Voer een systeemdruktest uit:
1. Breng het luchtveersysteem onder druk volgens de aanbevolen methode.
2. Controleer de drukwaarden op de luchtveringsregelmodule of gebruik een externe manometer.
3. Vergelijk de drukmetingen met de opgegeven waarden voor uw voertuigmodel.
- Controleer de luchtleidingen en aansluitingen:
1. Inspecteer de luchtleidingen op lekken, scheuren of schade.
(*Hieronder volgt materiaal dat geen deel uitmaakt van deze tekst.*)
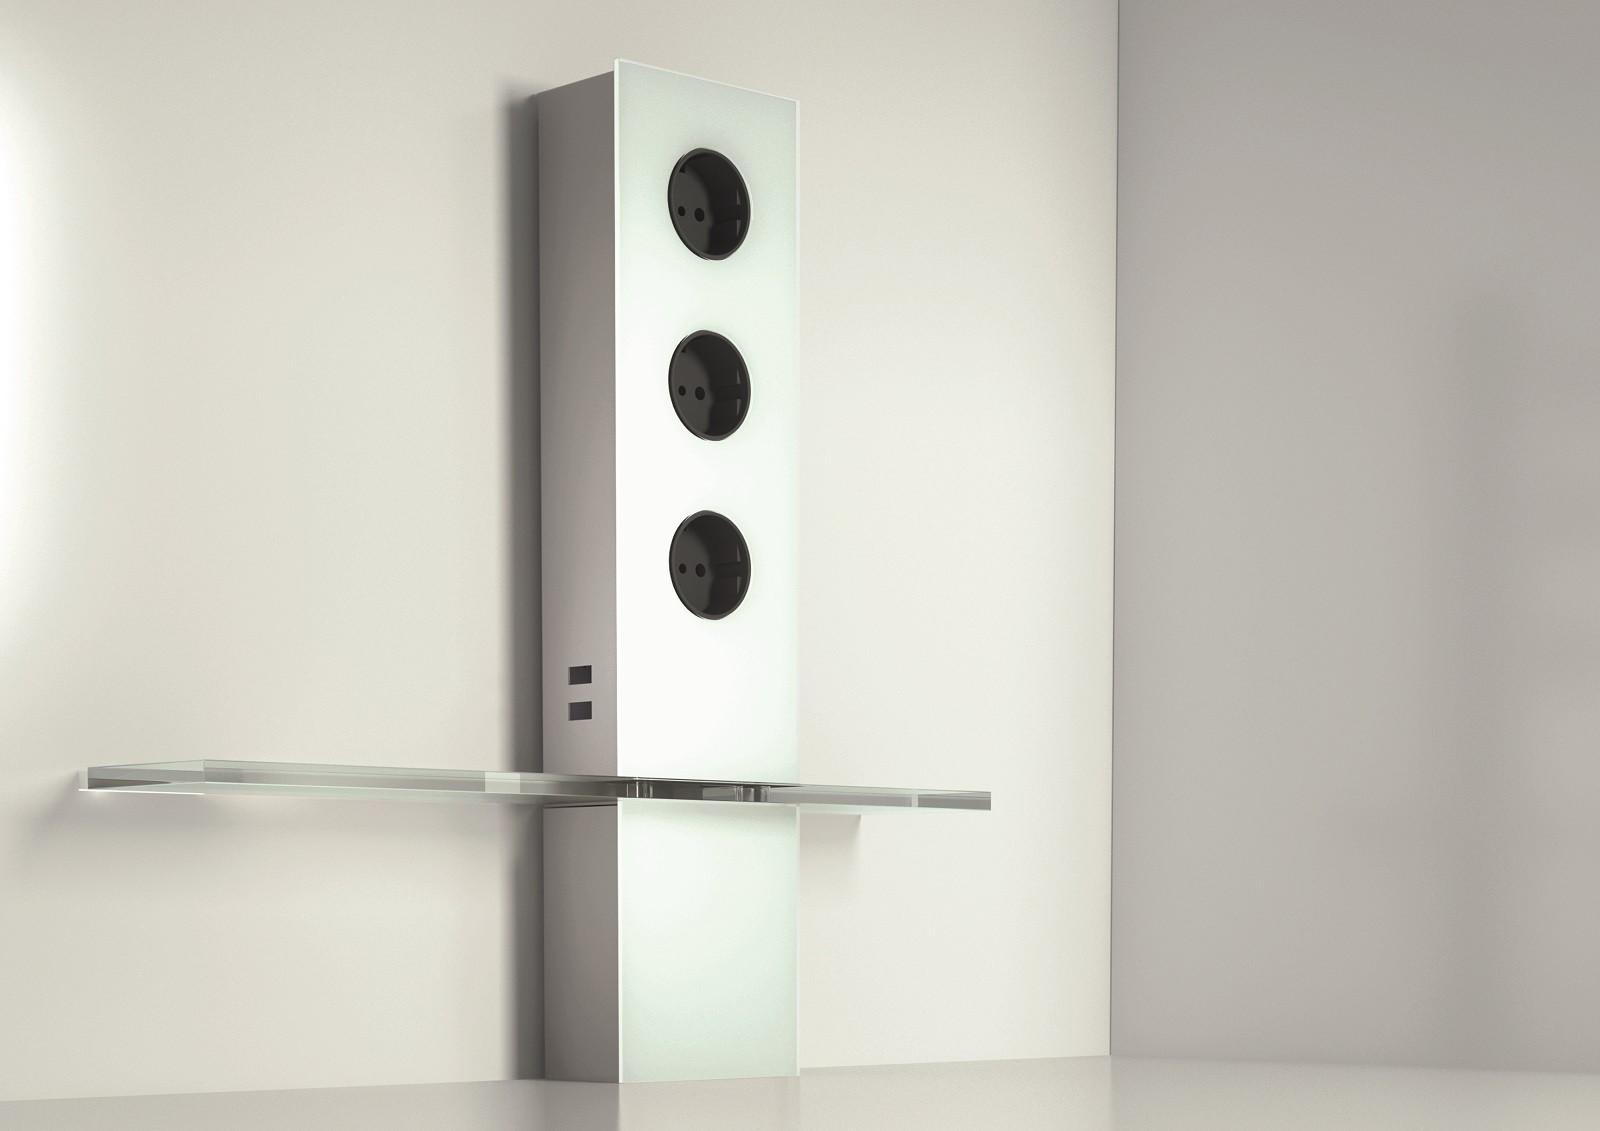 steckdoseneinheit powerturm aus edelstahl und glas mit. Black Bedroom Furniture Sets. Home Design Ideas

2. Zorg ervoor dat de luchtleidingen stevig zijn aangesloten op de luchtveringscomponenten en de luchtcompressor.
3. Draai eventuele losse verbindingen vast of vervang beschadigde luchtleidingen.
Controleer de regelmodule van de luchtvering:
1. De regelmodule voor de luchtvering bevindt zich meestal in de kofferbak.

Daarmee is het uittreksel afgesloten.